Err, that's... simply not right. The difference isn't that dramatic.

  $ docker run -it ubuntu:16.04 sh -c 'apt-get update && apt-get install phantomjs'
    134 newly installed. After this operation, 339 MB of additional disk space will be used.
  $ docker run -it ubuntu:16.04 sh -c 'apt-get update && apt-get install chromium-browser'
    202 newly installed. After this operation, 615 MB of additional disk space will be used.


I'm assuming a lot of those dependencies (x11, libgtk) will disappear once installing a special headless version of chrome.


Not everyone is using Docker.


Besides testing, my team uses phantomjs to convert pages to PDF and also to convert javascript generated charts to images. This is sad news, I'm don't think chrome eventually will add support for.


There's wkhtmltopdf[1] when you need the PDF functionality. It is licensed with LGPL, so you can make it interop with your commercial product.

[1]: https://wkhtmltopdf.org/


And there's its sister project wkhtmltoimage for rendering to images as well :) Sadly, though, the browser seems way behind the times so I think Chrome will win the next round. I built a prototype library for rendering pages to animated GIFs using the Chrome debugging protocol, but headless will make it even easier: https://github.com/peterc/chrome2gif


While it's much better than PhantomJS, still causes a lot of issues. We run a paid pet project [1] for html to pdf conversion and most of our customers have stories beginning with PhantomJS then moving to wkhtmltopdf then finally going for something else due to issues with both.

Headless Chrome might solve this issue once and for all though.

[1] https://restpack.io/html2pdf


For me the only issue was kerning with some specific fonts on windows servers. Do you have any other examples?


I have been using it for almost 2 years on a production server to generate html orders to PDF on the fly, such an amazing tool.


Second wkhtmltopdf ... I love PhantonJS but wkhtmltopdf is a better tool for PDFs.


did you have luck with SPA to PDF? I recall I tried it but with no luck for good javascript support.


SPA as in Single Page Application?

We are using it for reports and we are tailoring our HTML specifically to the reports so we haven't had that issue. If I needed Javascript it may not be the best solution.

I like that it generates full PDFs (with real text objects) though not just a static image. I'm not sure if you can generate a PDF like that with PhantomJS. I haven't tried.


We recently ended up using NightmareJS with xvfb in Debian Docker image to produce high fidelity PDF's.
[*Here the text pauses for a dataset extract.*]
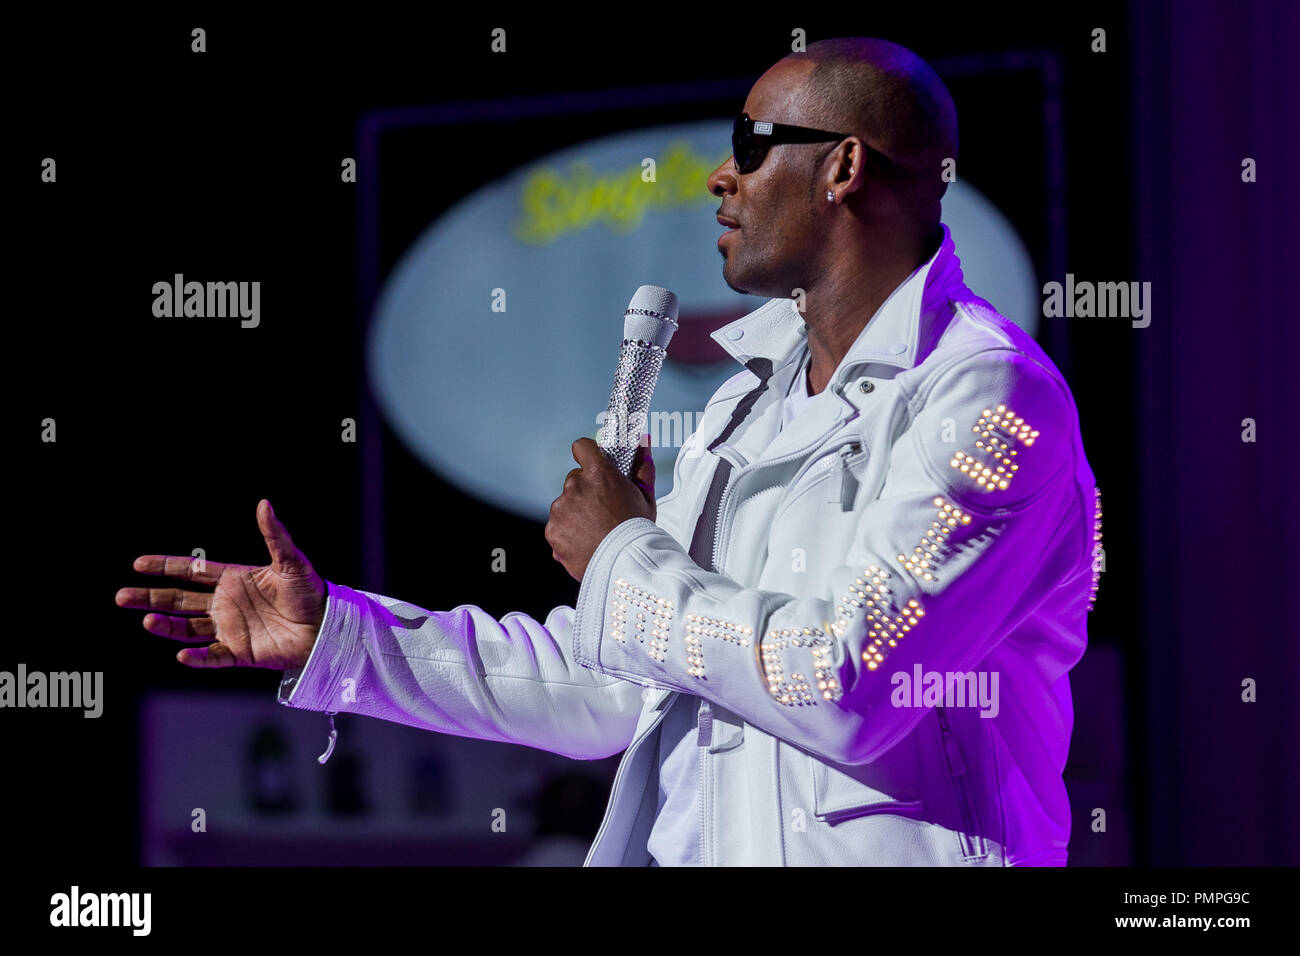 R Kelly performs during his 'Single Ladies' tour at Nokia Theatre L.A. LIVE on November 2, 2012 in Los Angeles. CA. Photo by Eden Ari / PRPP / PictureLux  File Reference # 31687 012PRPPEA  For Editorial Use Only -  All Rights Reserved Stock Photo

Seems to work well so far.


Chrome will have headless save to PDF fairly soon: https://bugs.chromium.org/p/chromium/issues/detail?id=603559


You can use WebDriver to take screenshots. OTOH I don't think there's any way to do PDF generation without fucking around with injecting window.print() and trying to go from there.


Hey - what do you use for the pdf conversion specifically? We've been looking for something like this. Thanks in advance.


Many thanks to the maintainer for his work. I think this isn't unexpected, and actually encourage other unpaid maintainers to follow. Reason I'm thinking this is that the current state of voluntary support is unsustainable anyway, and by letting it go we maybe could make the market for dev tools economically viable again.


PhantomJS is a great tool, I implemented it as a PDF report generating system. But will Chromium be able to replace it in this regard? Will Chromium have paging features? Will it be able to repeat table headers when a table body content extends to the next page?


I can't answer all of your questions, but this thread may interest you: https://news.ycombinator.com/item?id=14102248


Huge help, thank you!


You deserve a nobel peace prize.

I recall fondly informally introducing colleagues to chrome dev tools, injecting jquery via a booklet, and querying the dom like xml xpath. Then taking this headless (server-side) with almost minimal wrapping due to your work.

Hail you and damn regexp.. :)


Anybody know how to port code from using PhantomJS to headless Chrome? I have been using CasperJS that wraps to PhantomJS. PhantomJS had its own set of commands. headless chrome will have to be different one way or another.


I wrote a bit about how you can get started here using Node: https://objectpartners.com/2017/04/13/how-to-install-and-use...


Looks like it's already usable?

"Use headless chromium with capybara and selenium webdriver - today!" -- March 30th

http://blog.faraday.io/headless-chromium-with-capybara-and-s...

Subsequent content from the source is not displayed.